How to Remove Grease Stains from Leather
Sprinkle and use baking soda onto any greasy stains and rub it in. Let it absorb overnight for best results. In the morning, wipe off excess baking soda with a clean cloth.
How to Remove Scuffs from Leather
If your shoes have scuffs that you can’t remove with a good cleaning, use a tiny dab of white toothpaste on the scuff. Rub in with a soft cloth and repeat until the scuffs are gone.
Shining and Buffing Leather Shoes
What’s the best way to shine boots and shoes?
Use a leather cream polish to clean your finished leather shoes. Choose one the same color as your shoes and test it in an inconspicuous spot to make sure it looks good.
Apply the polish with a clean cloth, let it sit, then buff it with another cloth or shoe brush. To shine, dampen the clean cloth slightly.
Make sure you protect your work surface with some newspaper, so you don’t make a mess with the leather polish.
To properly shine leather shoes, apply shoe polish to one shoe, making sure to get the tongue and all small parts. Let that shoe dry while you take care of the second one. Once they are both coated, use a shoe brush to remove excess polish.
Repeat once for a second layer. Brush the shoe with your shoe brush in a circular pattern to bring out the shine. For a ‘spit shine,’ use the polish up to 5 times until you’ve achieved the desired result.

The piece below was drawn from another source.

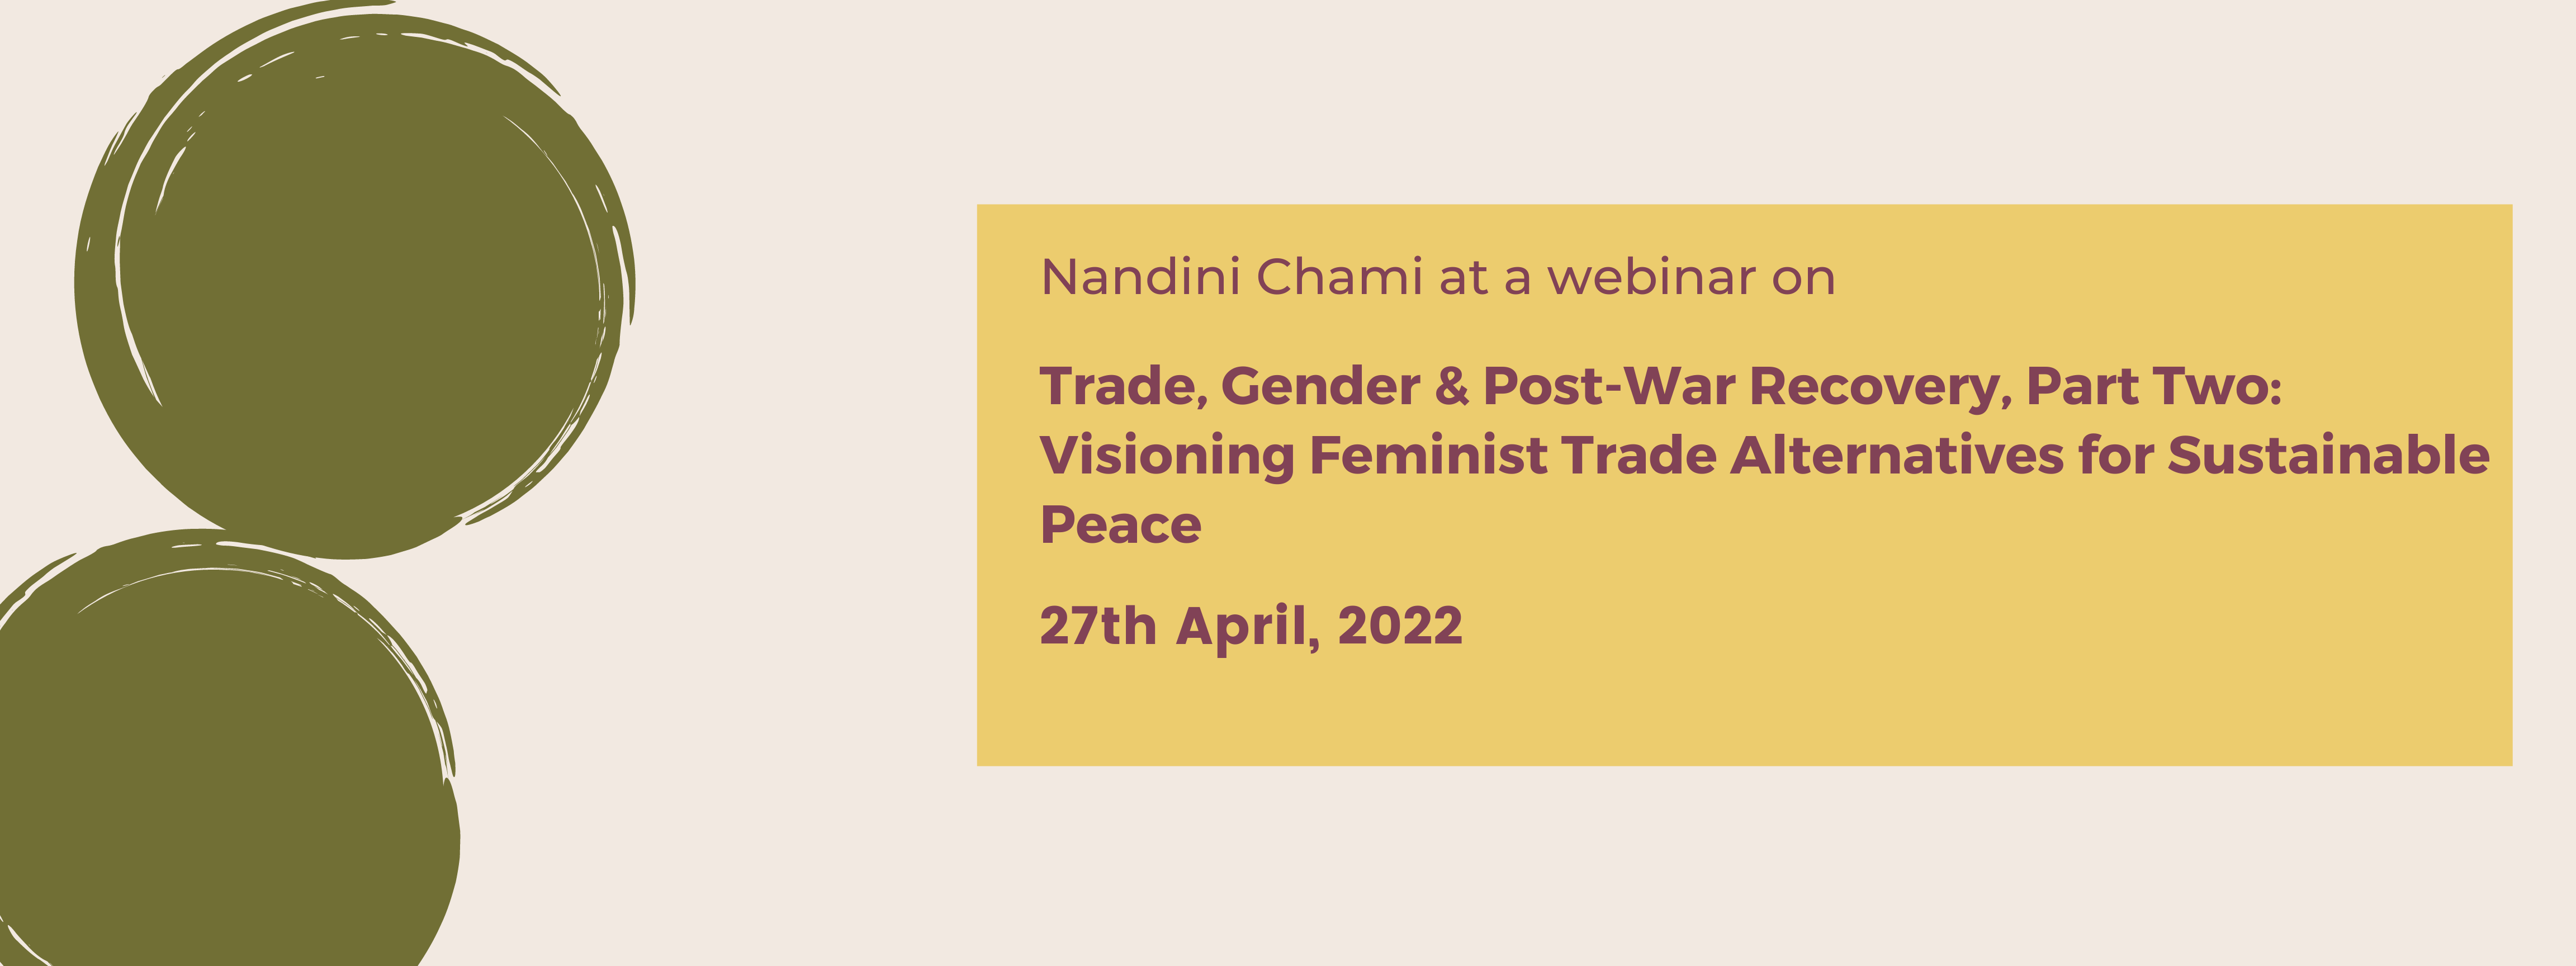 Trade, Gender & Post-War Recovery, Part Two: Visioning Feminist Trade Alternatives for Sustainable Peace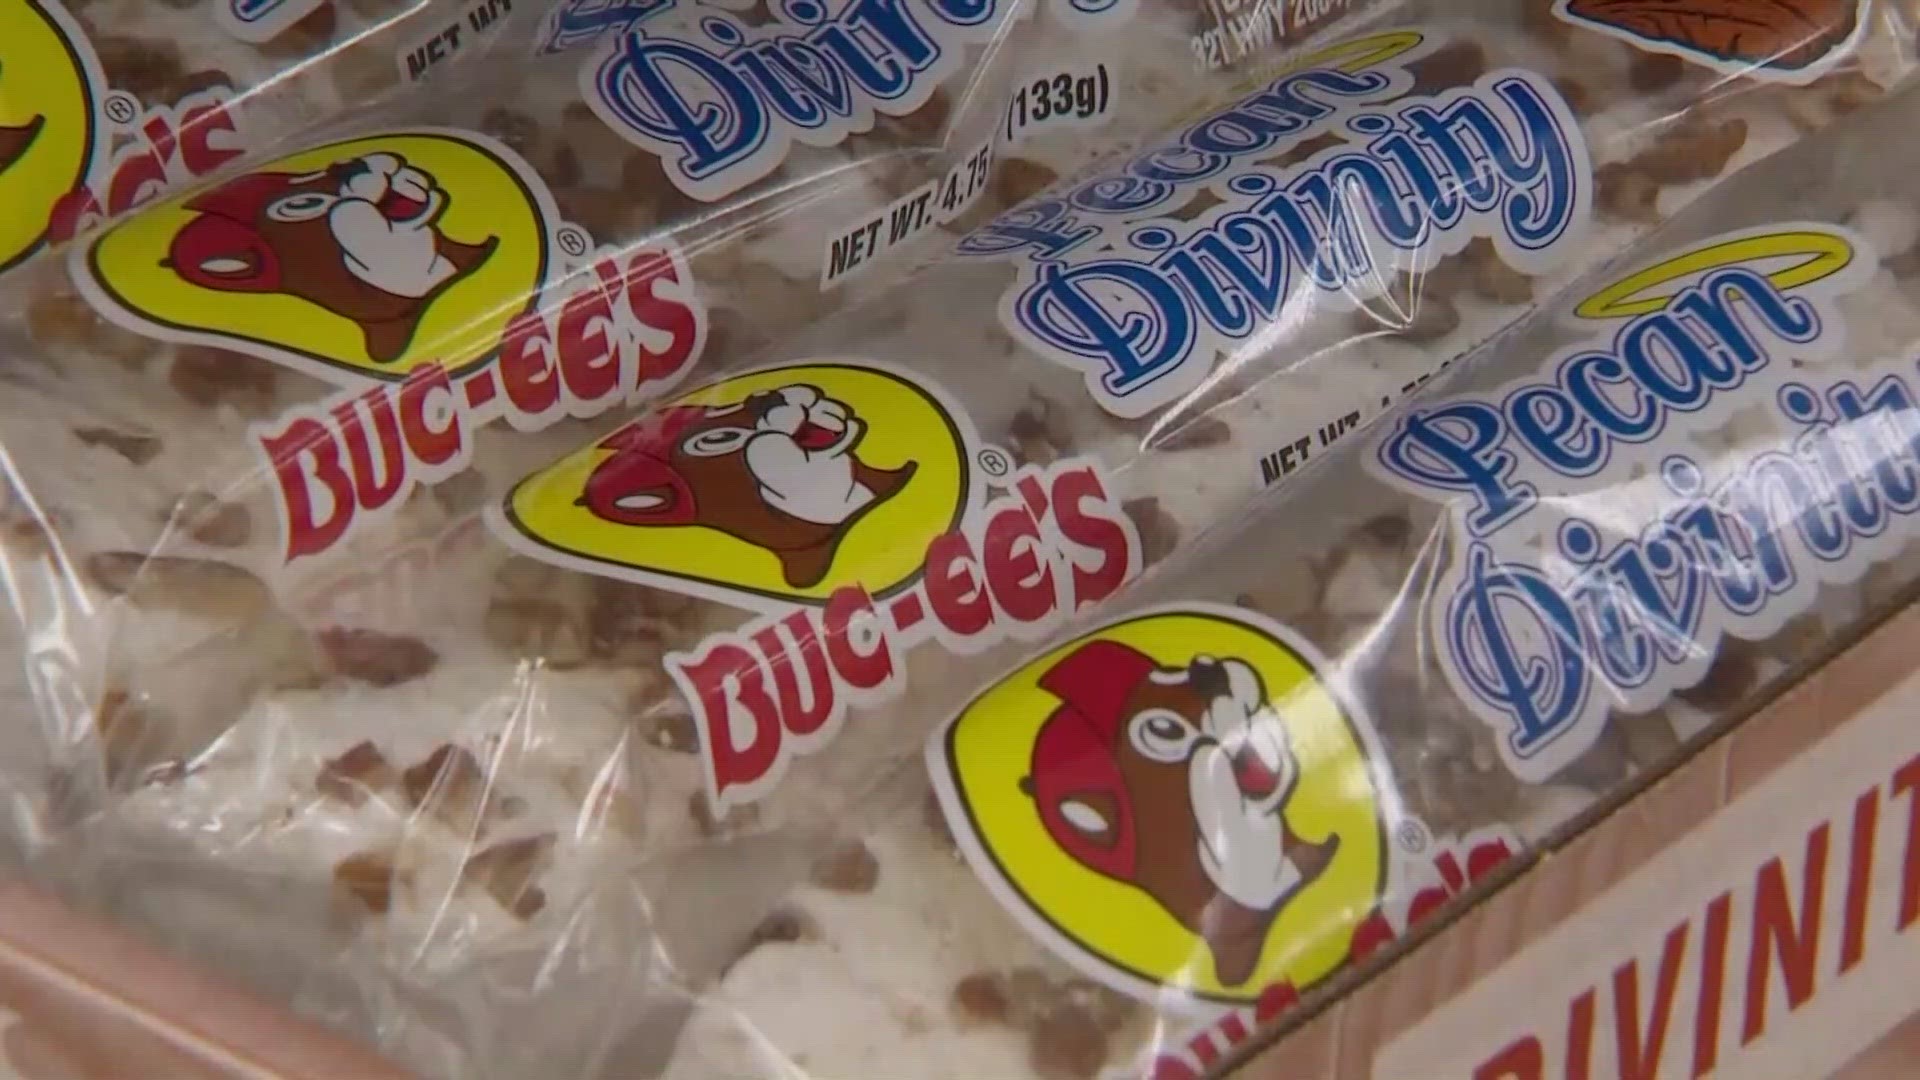 After this new location opens, Buc-ee’s will operate 49 stores across Texas and other southern states.

Finish with a slightly damp clean cloth.
For unfinished leather, use oil to preserve the leather-like mink oil. Follow the same instructions for the leather polish.
How to Care for Leather Boots and Shoes
Don’t wear your leather shoes day after day. Giving them a day off once in a while helps prolong the life of your shoes. When you’re not wearing them, don’t store them in shoe boxes as this keeps them from breathing. Keeping your shoes out in the open lets them absorb moisture from the air to stay moisturized.
Another great homemade leather cleaner is made by mixing lemon juice and cream of tartar. It works slightly better especially on getting rid of water stains.
Condition your shoes with a leather conditioner a couple of times a year to keep them looking sharp. Doing so can also help waterproof your leather shoes. Condition right after using a DIY shoe cleaner while the boot is still a bit damp.
For a homemade conditioner, use linseed oil and white vinegar. Wipe onto shoes and let it sit for 15-20 minutes. Using a soft, clean cloth, buff into shoes for so they’ll shine. You can also use plain olive oil, letting it dry on the shoe.
While a type of leather, suede shoes require a unique treatment.
If your shoes have gotten wet and muddy, let dry before cleaning, using a paper towel to dry as much as possible. As we already covered this in our tips on how to clean suede shoes, it is best to use a suede brush, consisting of stiff metal. Use this on any dirty spots, and make sure to brush in the same direction.
For scuffs, rub the shoe with a white pencil eraser. Do this before brushing. For greasy stains, use a sprinkling of baking soda or talcum powder. Rub into stains and let sit for several hours before brushing with a suede brush.
When cleaning suede, only blot, never rub the shoe. Rubbing can mess up the natural nap.
To weatherproof and care for suede shoes, use a weatherproofing spray that is silicone based once a year.
To remove water stains from suede, apply water to the entire shoe. Blot the shoe until you’ve removed all excess water and there are no visible watermarks. Fill the suede shoe with white paper to keep its shape and let dry overnight. In the morning, brush with your suede brush.
If The Shoe Fits
With just a little bit of DIY effort, you can save yourself a lot of money and effort that you would have otherwise spent on replacing or removing water stained, salt-stained, grease-stained or scuffed leather shoes.
In this article, you learned how to clean and care for leather boots and shoes, and how to clean and care for suede shoes.